Results: Among 23,513 patients with TC or RCC seen at our institution between January 1944 and June 2011, 117 patients were diagnosed with both TC (96% differentiated, 4% medullary) and RCC. Of these, 57% were diagnosed with TC before RCC and 39% with RCC before TC. Compared with institutional and SEER data for either primary tumor, we found characteristics unique to TC/RCC patients included balanced gender distributions (51% F:49% M), which significantly differed from institutional cohorts for TC alone (67% F:33% M; p=0.0003) or RCC alone (31% F:69% M; p<0.0001). When compared with SEER cohorts, gender distribution also differed significantly from patients having TC (78% F:22% M; p<0.0001) or RCC alone (41% F:59% M; p=0.02). Our cohort contained a higher proportion of Hispanic patients than SEER (p=0.0006). Mean age of diagnosis for patients with TC diagnosed first was significantly older (52 ± 15 yr) than the institutional TC cohort (45 ± 17 yr; p<0.0001), but mean age for patients with RCC diagnosed first (59 ± 12 yr) was similar to the larger institutional RCC cohort. Of TC/RCC patients, 43% were later diagnosed with other cancers, with 28% being breast cancer. Notably, of TC/RCC female patients, 52% developed a tertiary cancer, with breast cancer accounting for nearly half of these other cancers.

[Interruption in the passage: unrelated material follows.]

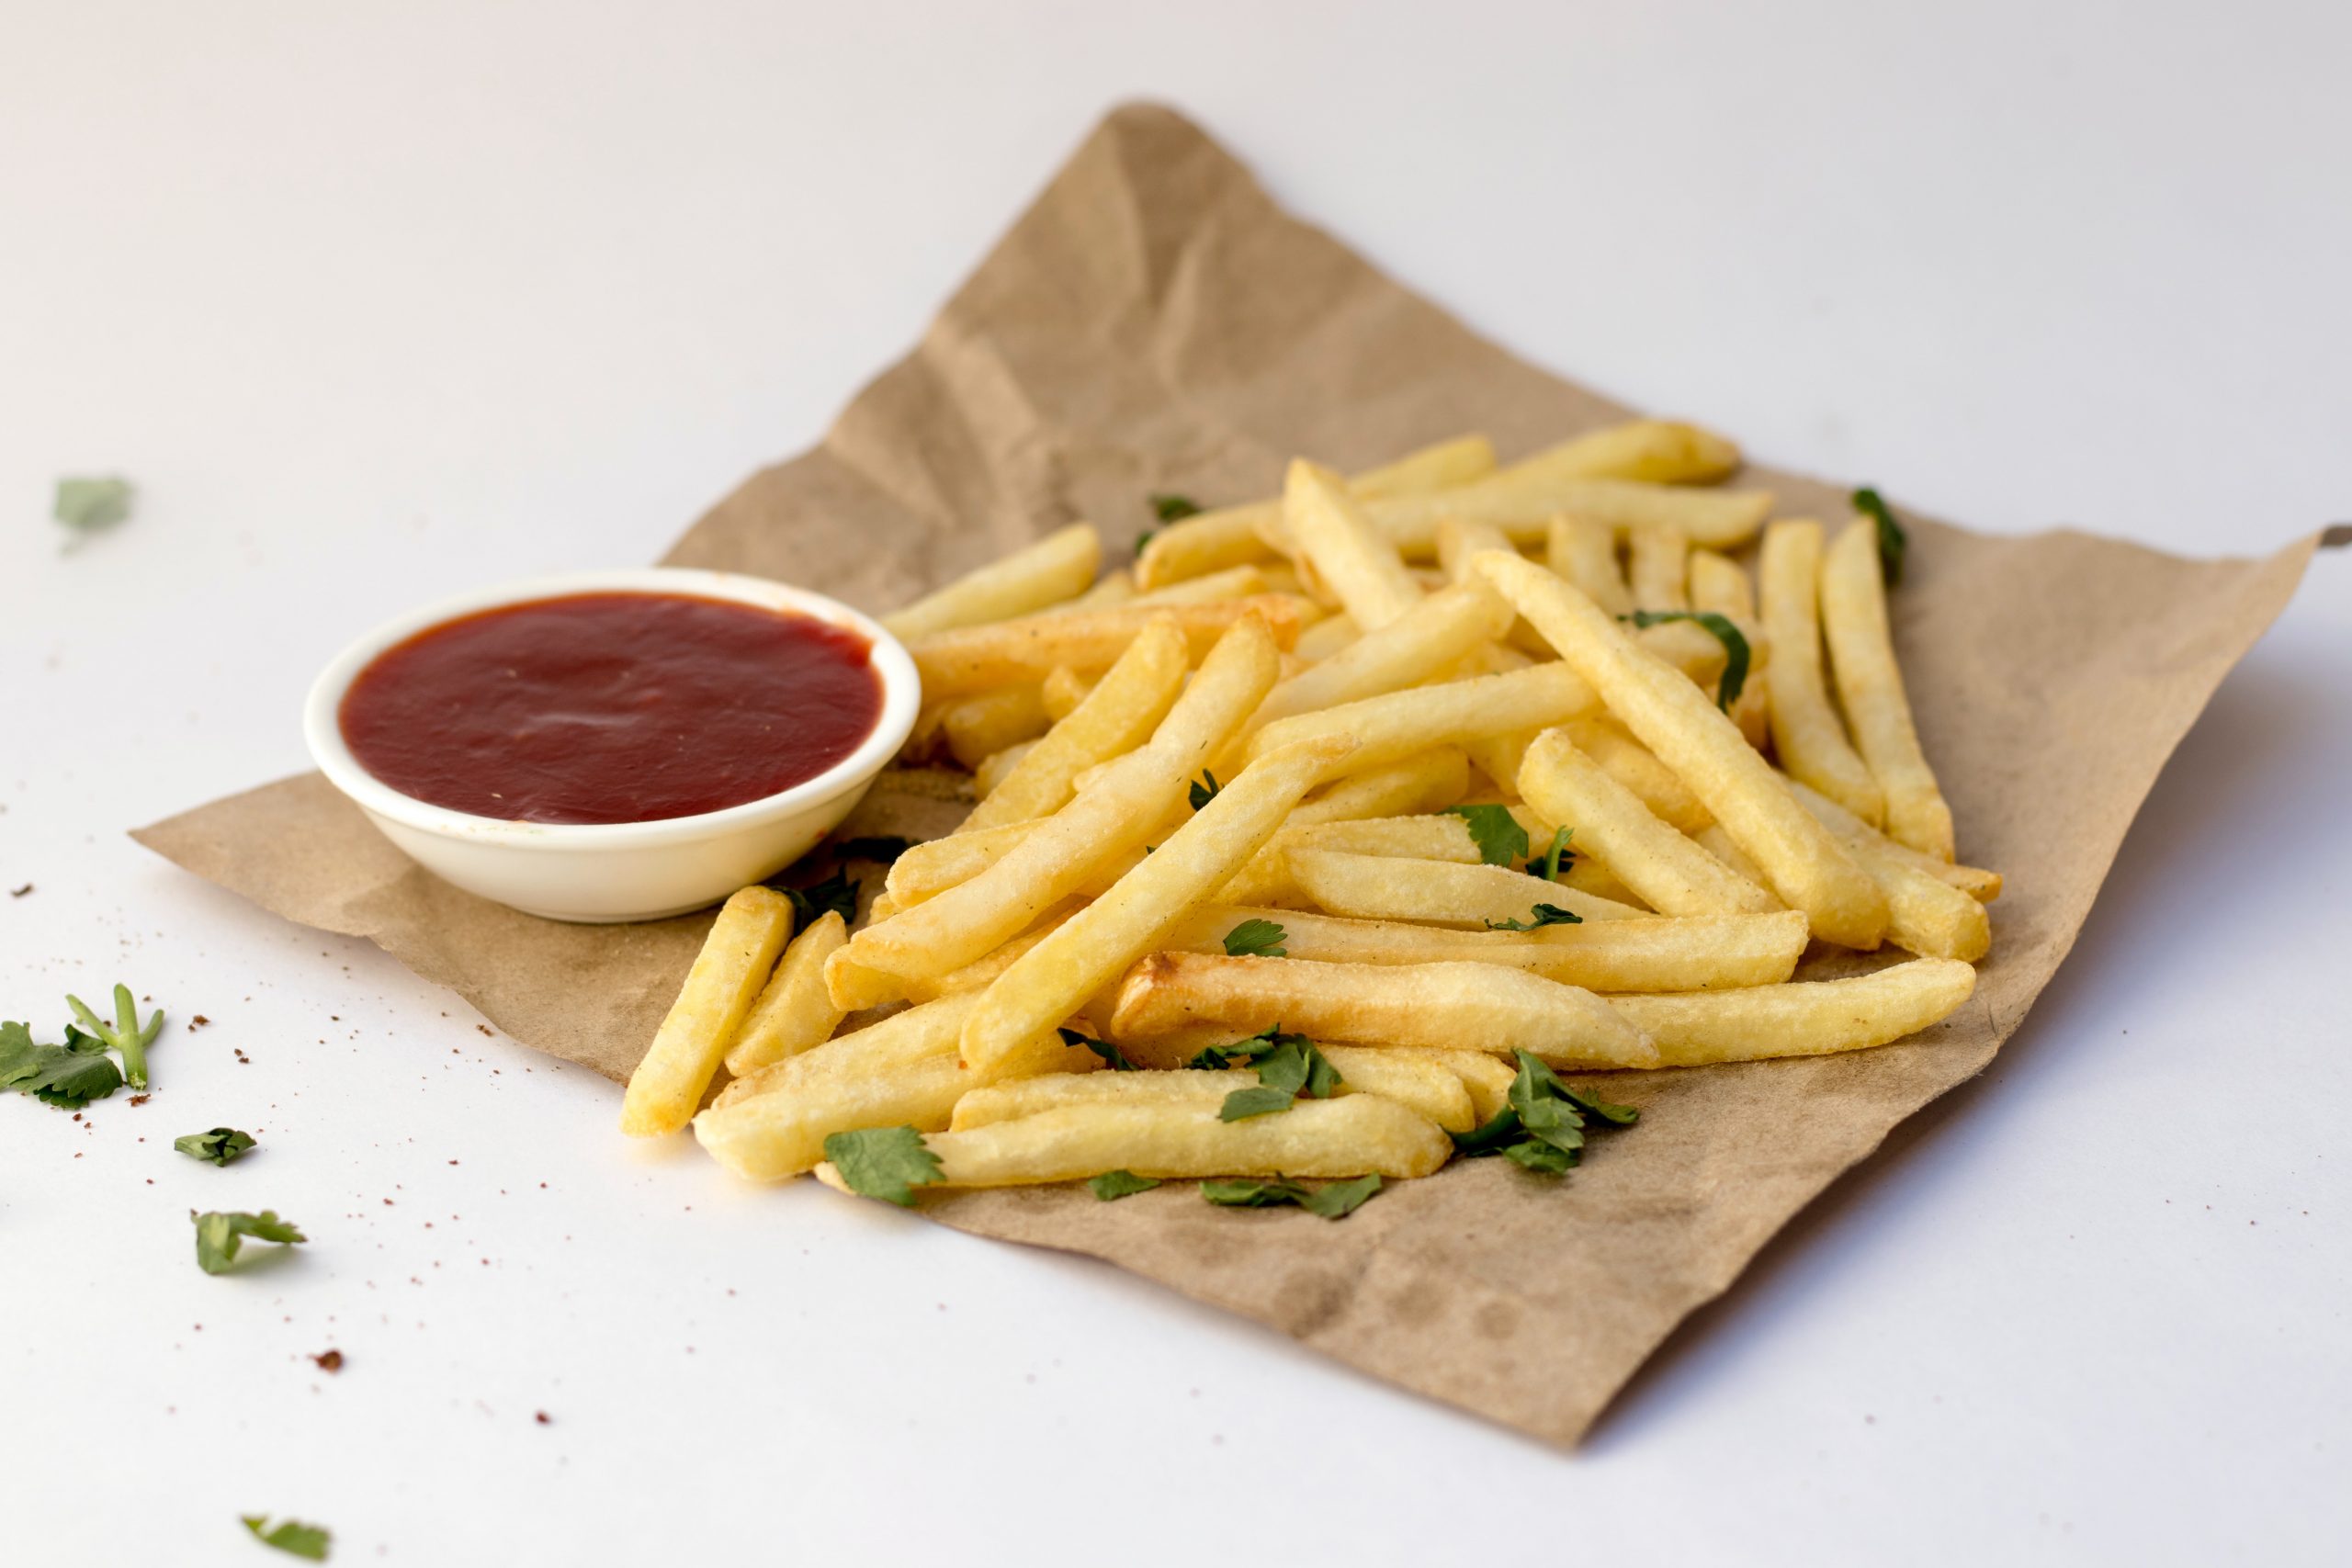 How to Reheat McDonald’s Fries
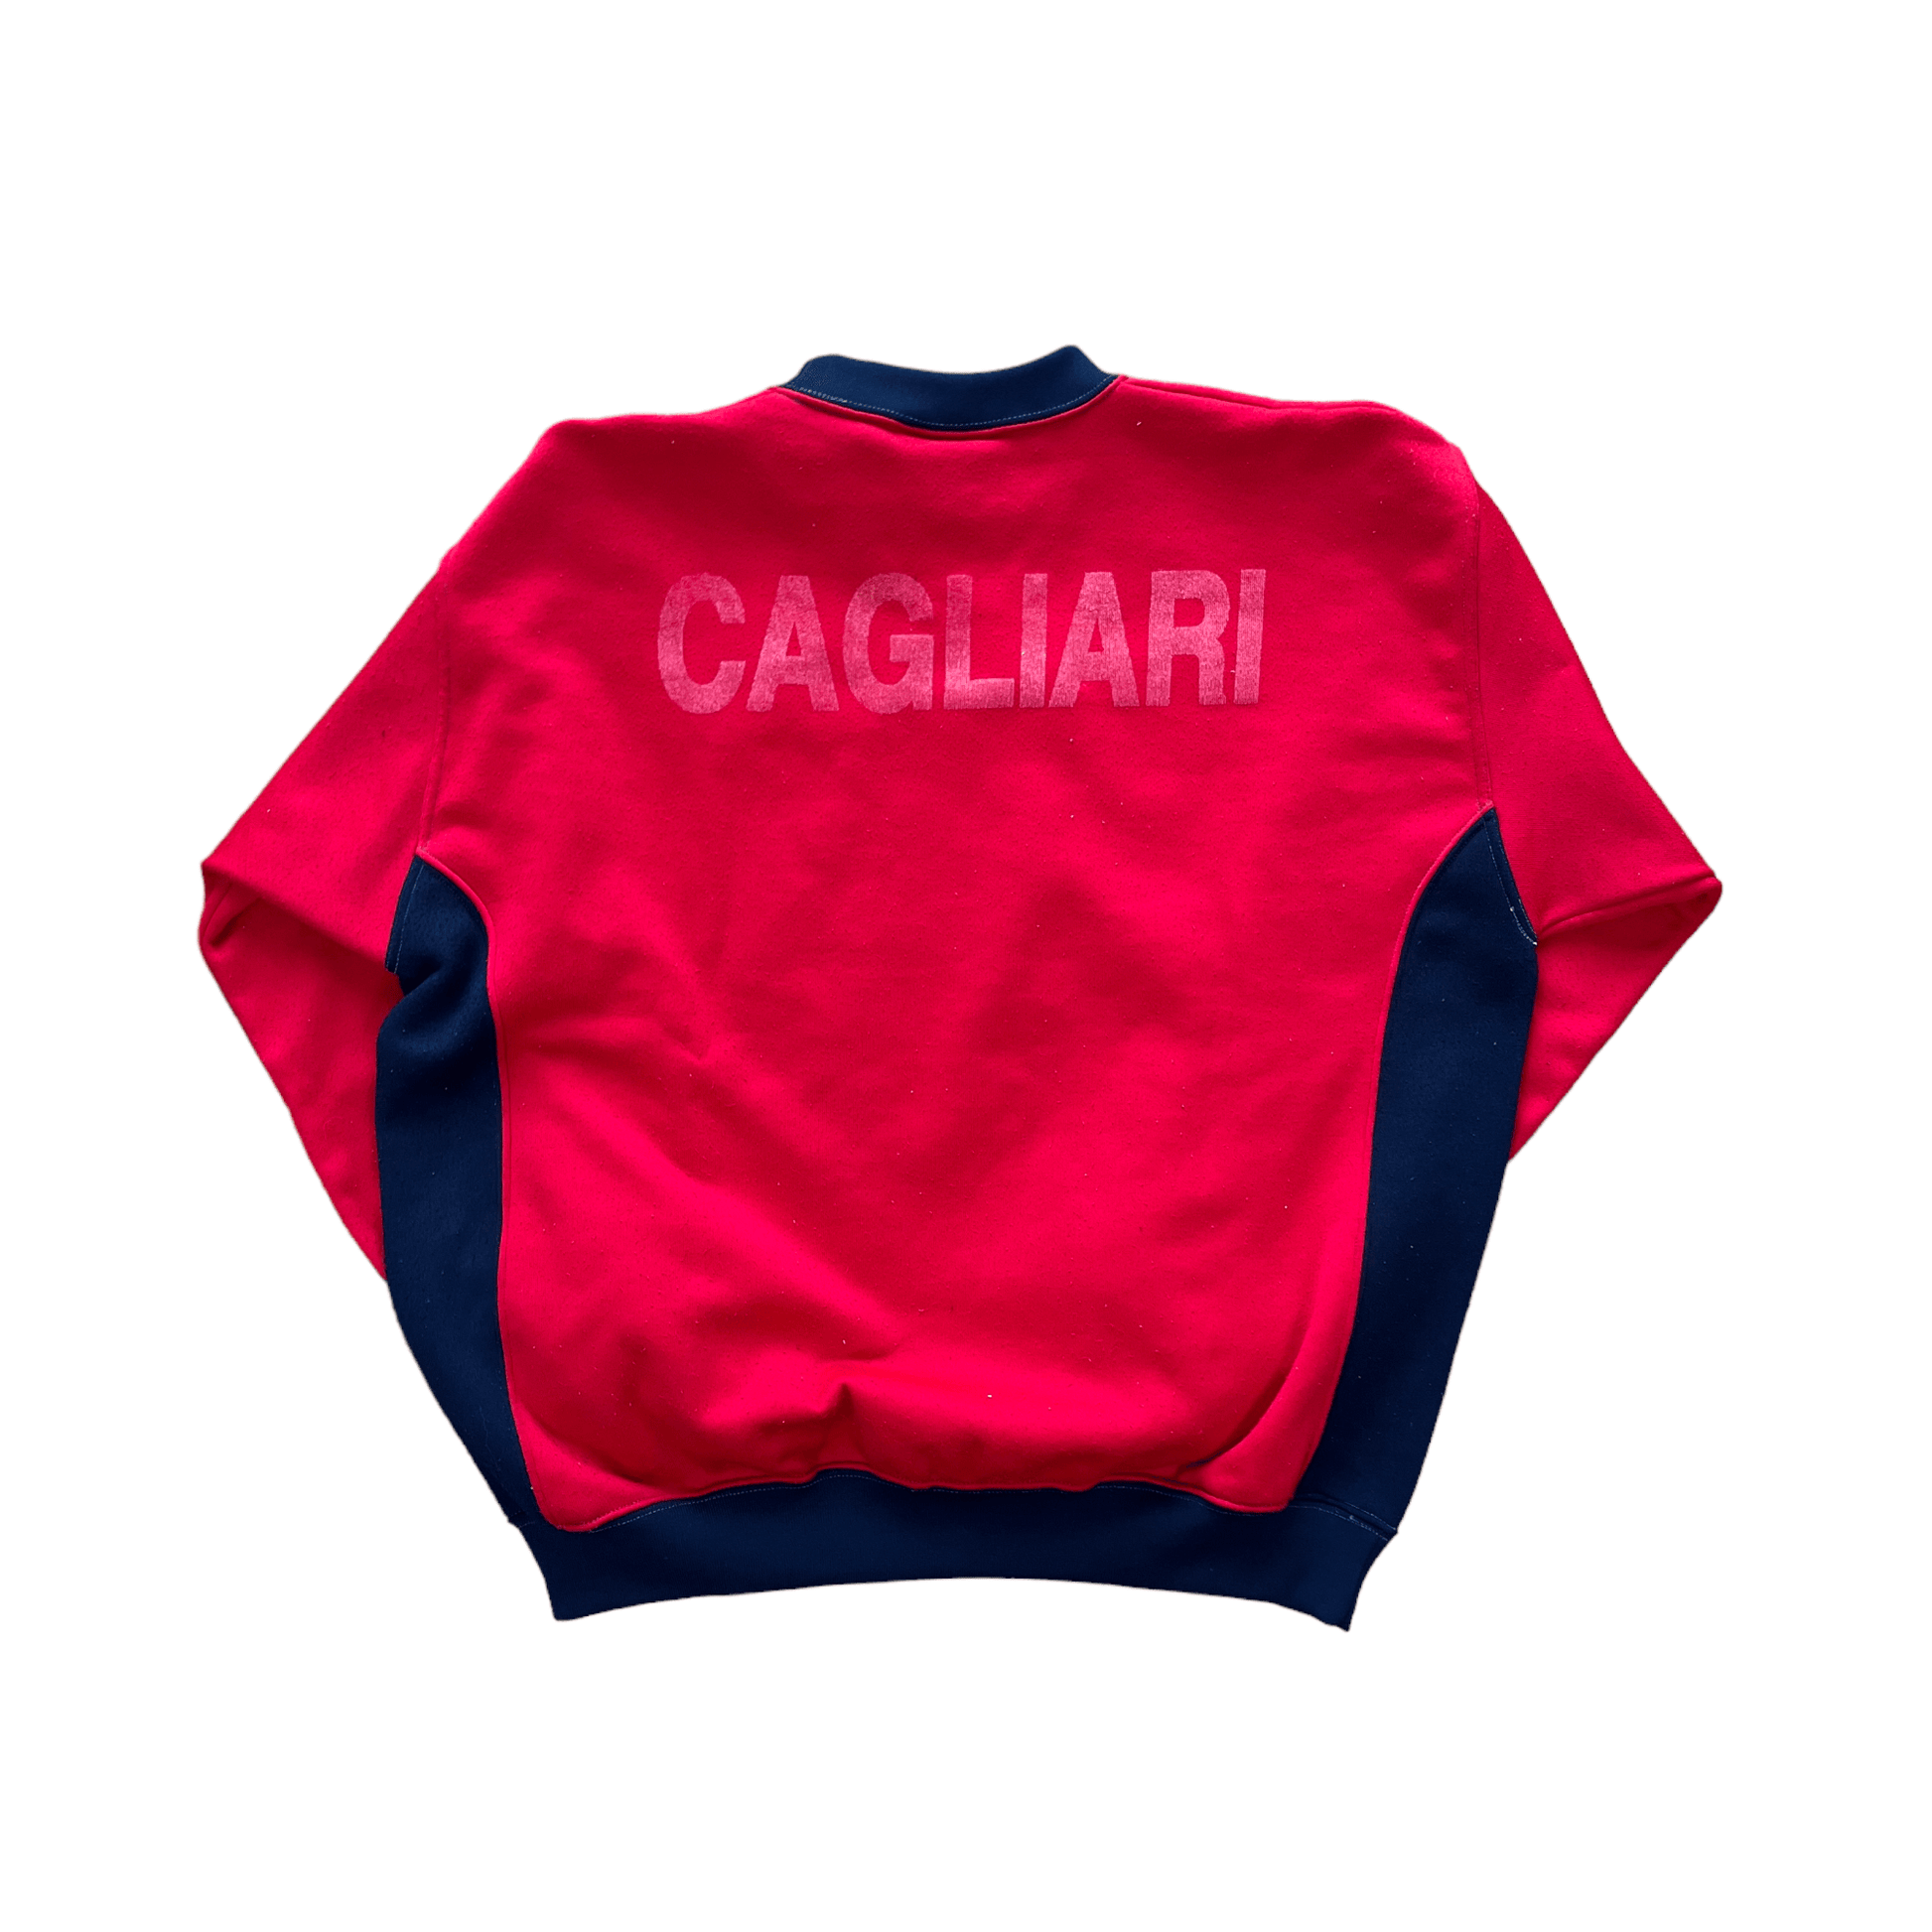 Vintage Reebok Cagliari Reebok Sweatshirt - Large - The Streetwear Studio

Overall survival was similar to the institutional TC cohort, but if RCC was diagnosed first, median survival was improved compared with institutional RCC cohort (12.4 vs. 4.6 yr, p<0.0001).
Conclusions: These findings suggest a common etiologic mechanism in patients who develop both TC and RCC, but no need for altered management of TC. Better outcome of RCC and an unexpected association with breast cancer in women will require further exploration.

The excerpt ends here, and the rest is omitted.